Aku tidak tahu pasti bahwa ia menangis, sebab aku hanya mengintipnya dari ambang pintu kamarnya. Yang terdengar hanya isakan kecil milik Mama.
Ingin sekali rasanya membuat Mama bisa berjalan kembali.
"Han? Hana? kok melamun?"
Aku menggeser sebelah lenganku yang menumpu daguku sejak mengamati Mama dari tadi.
"Engga, Ma?" jawabku bohong.
Aku melahap sesuap makan malam, menguyahnya perlahan.
Mama pun kembali melahap makananya. Sesekali ia meliriku curiga. Sebenarnya apa yang sedang di pikirkan anaknya ini.
Aku memotong daging di piring nenggunakan sendok lalu melahap sepotong.
Aku kembali melirik Mama, kemudian melihat kembali daging di piringku. Kuletakan sendok di samping piring. Rasanya, aku tidak terlalu lapar malam ini. Mungkin efek kenyang sebab makan soto Ibu Niab tadi sore di kantin.
Perbandingan lezatnya masakan Ibu Niah dengan resep Mia, keduanya seimbang. Masakan mereka sama-sama punya cita rasa tinggi. Ya, walaupun Mia kalah 4% dari racik masakan Ibu Niah.Mengapa sejak sore tadi aku terus menilai makanan orang? sepertinya aku berbakat jadi juri masak kompetisi di televisi.
"Loh, kok makannya udah. Dihabisin, mubadzir kalau sisa seperti itu." Mama nambah satu centong nasi lagi. Sepertinya ia benar-benar lapar.
Sepertinya Mama belum makan siang. Apa Mama tidak membuat sendiri makan siangnya?
Hampir setiap pagi biasanya aku membuat sarapan, sekaligus makan siang untuk Mama di rumah. Jarang sekali Mama masak. Sebab tungku kompor berada lebih tinggi dari kursi roda Mama. Jadi Mama selalu kewalahan kalau memasak tanpa bantuan aku. Maka dari itu, aku sering menyiapkan makan siang yang aku masak di pagi hari. Sekolahku full day, jadi aku tidak bisa pulang saat siang hari. Kasihan Mama sendiri di rumah.
"Tadi di sekolah, Mia neraktir aku makan soto, Ma. Sekarang perut aku udah kenyang duluan," jawabku diikuti kekeh di akhir kalimat.
"Ohya, ajak Mia main ke sini dong, Han. Sebulan ini dia gak dateng ke rumah kita. Kalau ada Mia rumah ini jadi engga terlalu sepi. Terlebih lagi, Mia suka membawa pancake setiap kali main ke sini."
Aku tertawa, Mama terkekeh. Ada-ada saja yang Mama pikirkan.
Apa yang dikatakan Mama itu mamang benar. Pasti kalau Mia main ke rumahku, terlebih dahulu di rumahnya ia membuat pancake. Tapi saat aku main ke rumahnya, aku hanya membawa makanan ringan, itu pun hanya sesekali saja.

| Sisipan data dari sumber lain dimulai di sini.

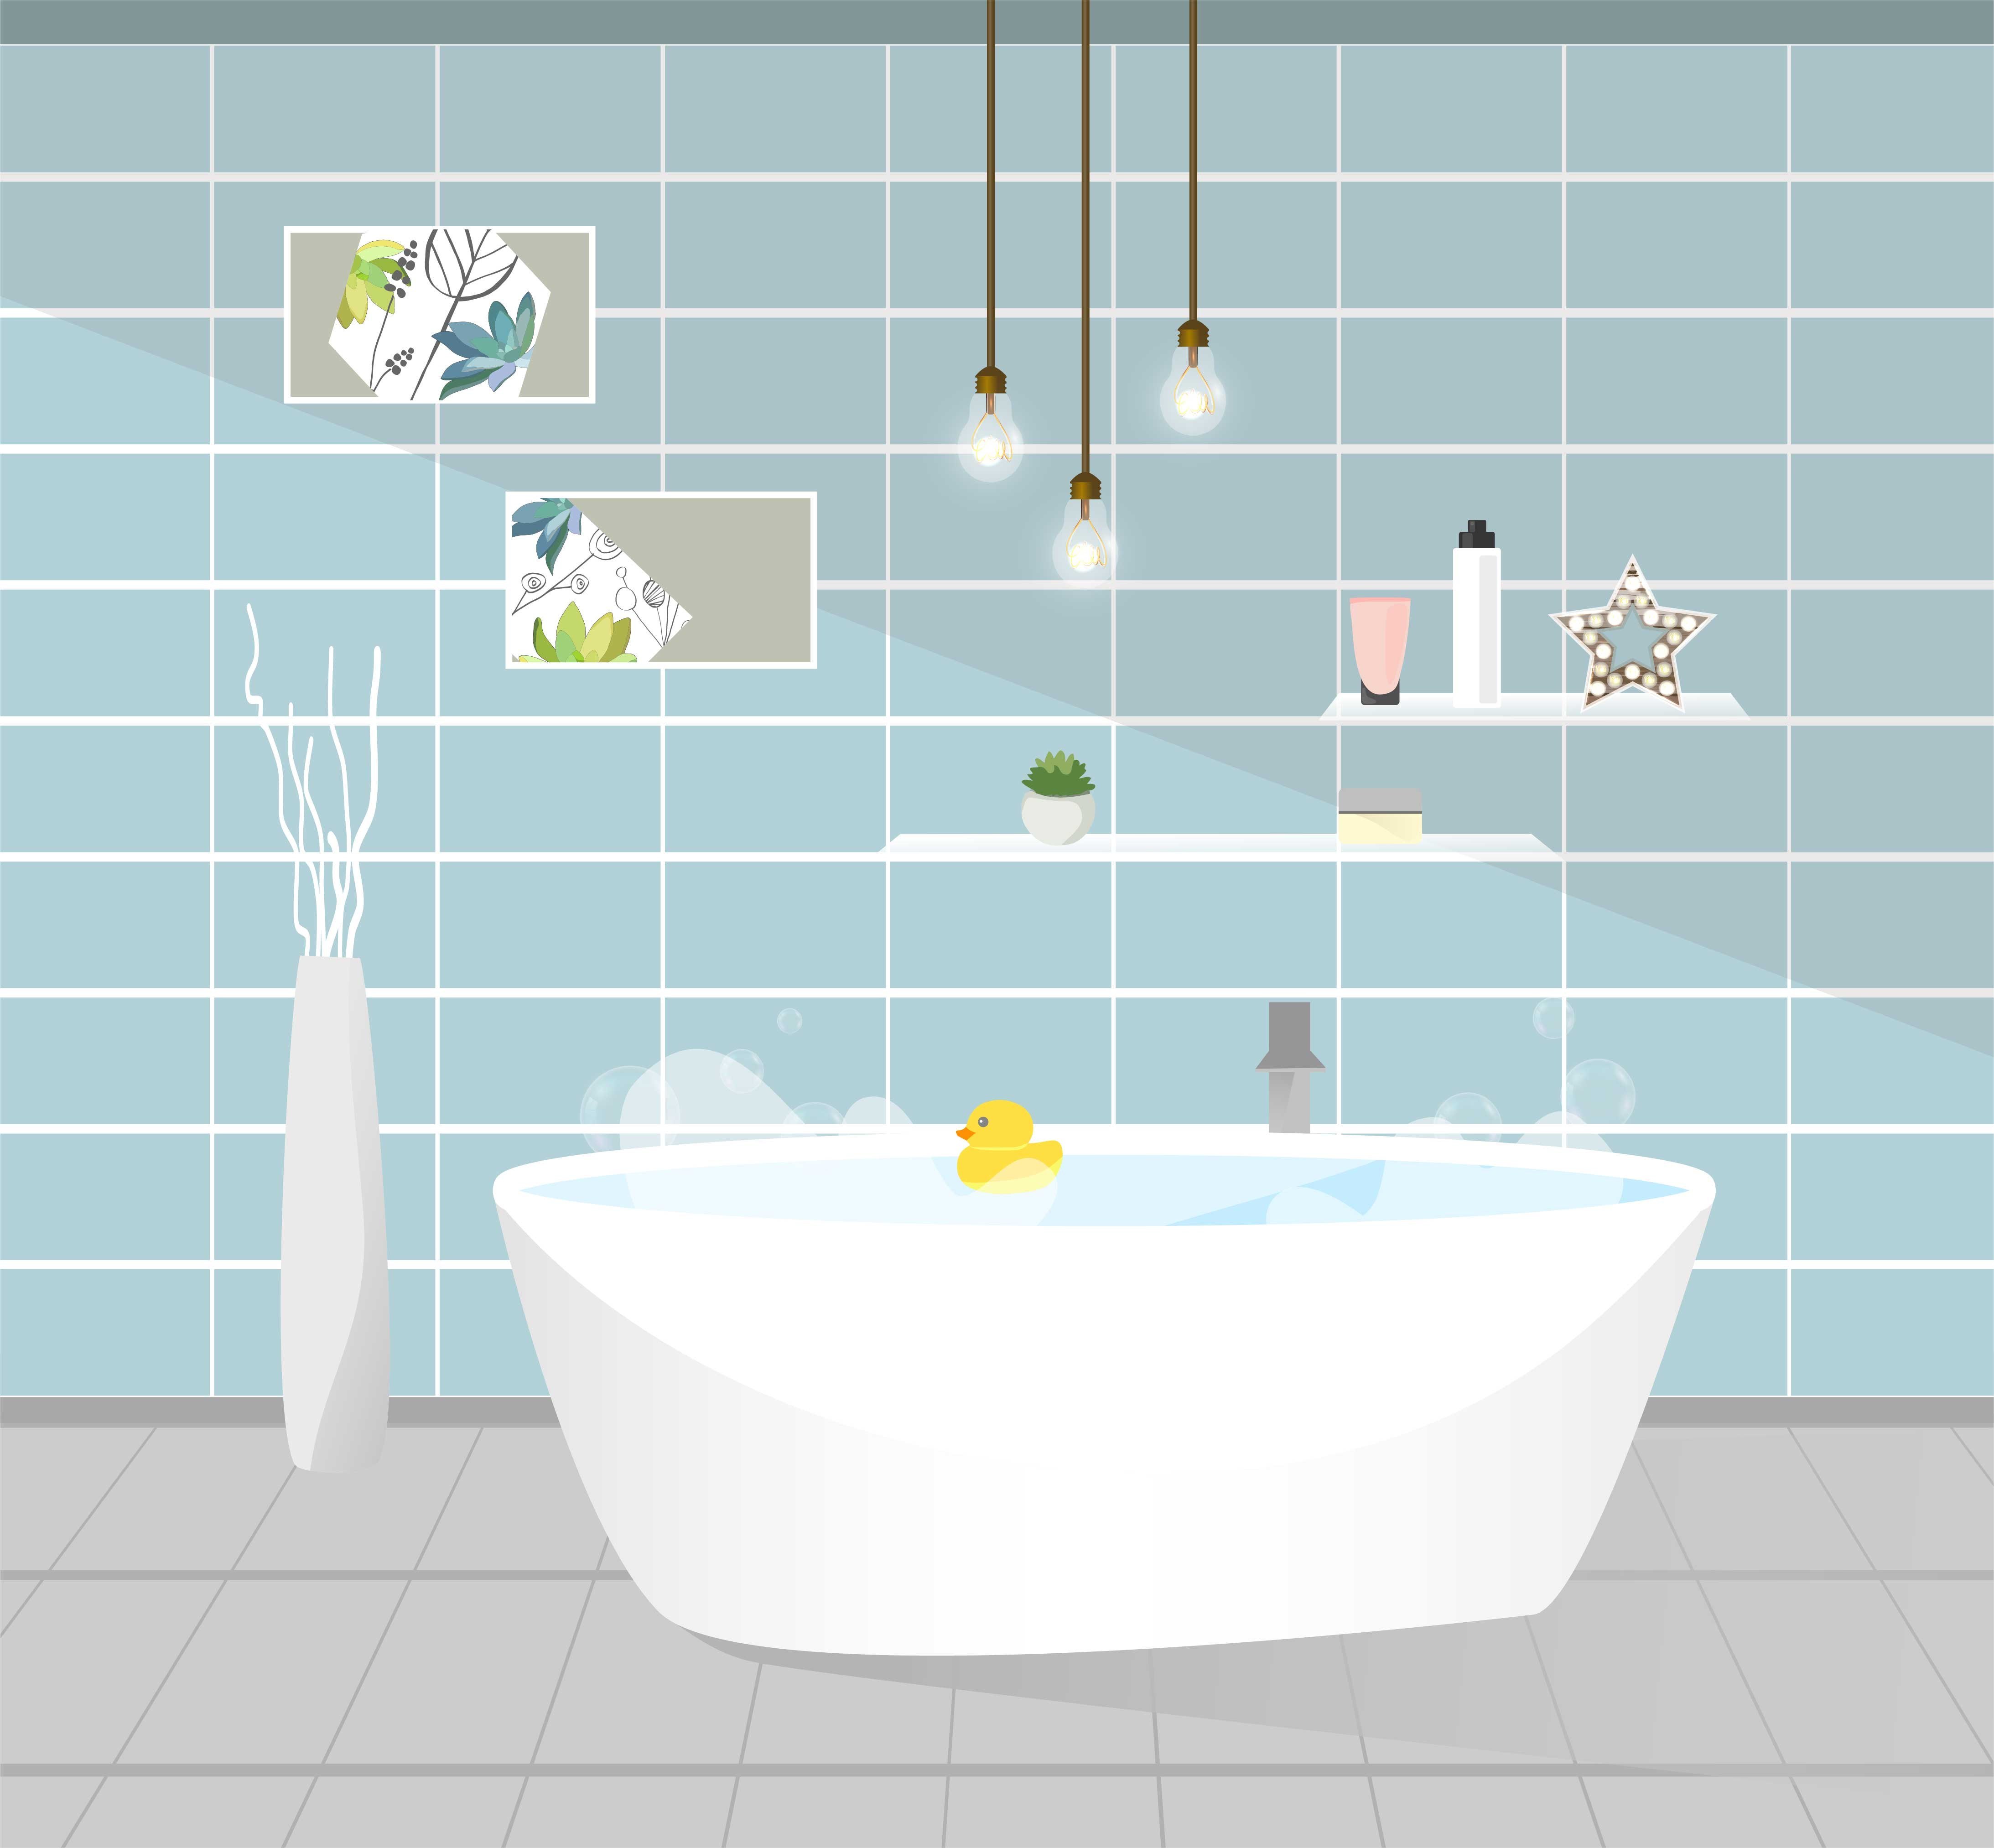 Покажи картинку ванной. Ванная иллюстрация. Ванная комната мультяшная. Ванная комната мультяшка. Фон ванная комната для детей.

Mama kembali melahap makanannya.
Ohya, aku lupa menyiapkan air minum. Aku mendorong kursiku ke belakang. Cepat-cepat aku membuka pintu rak piring. Kuambil satu gelas berada di paling pojok. Gelas itu di dihiasi gambar bunga yang mengelilingi kata "mama" berwarna hitam, dan bunga-bunganya berwarna-warni.
Aku mendekati dispenser. Sambil menuang air. Sesekali aku memperbaiki posisi rambutku yang menjuntai menghalangi mata.
Aku kembali melirik Mama yang hanya tampak pundaknya dari sini. Mama terlihat begitu lapar. Tak tega aku meninggalkannya sendiri lagi di rumah. Aku bisa putus sekolah agar bisa menjaga Mama seharian penuh. Walaupun aku sudah kelas dua belas SMA, aku berani mengambil risiko tidak ikut UN demi merawat satu-satunya orang paling spesial bagiku di muka bumi ini---Mama.
☆☆☆
Akhirnya bisa update, yuhuuu.
Emm, gimana ceritanya? G seru kan? (Yak tul :v )
Ohya, aku lagi ikut nyerbung nih di facebook.
Judul ceritaku "Kursi Roda Nomor 196"
kalau readers pengin baca ceritaku yg di sana, yuk main k akun fb aku "erlenggo muhamad"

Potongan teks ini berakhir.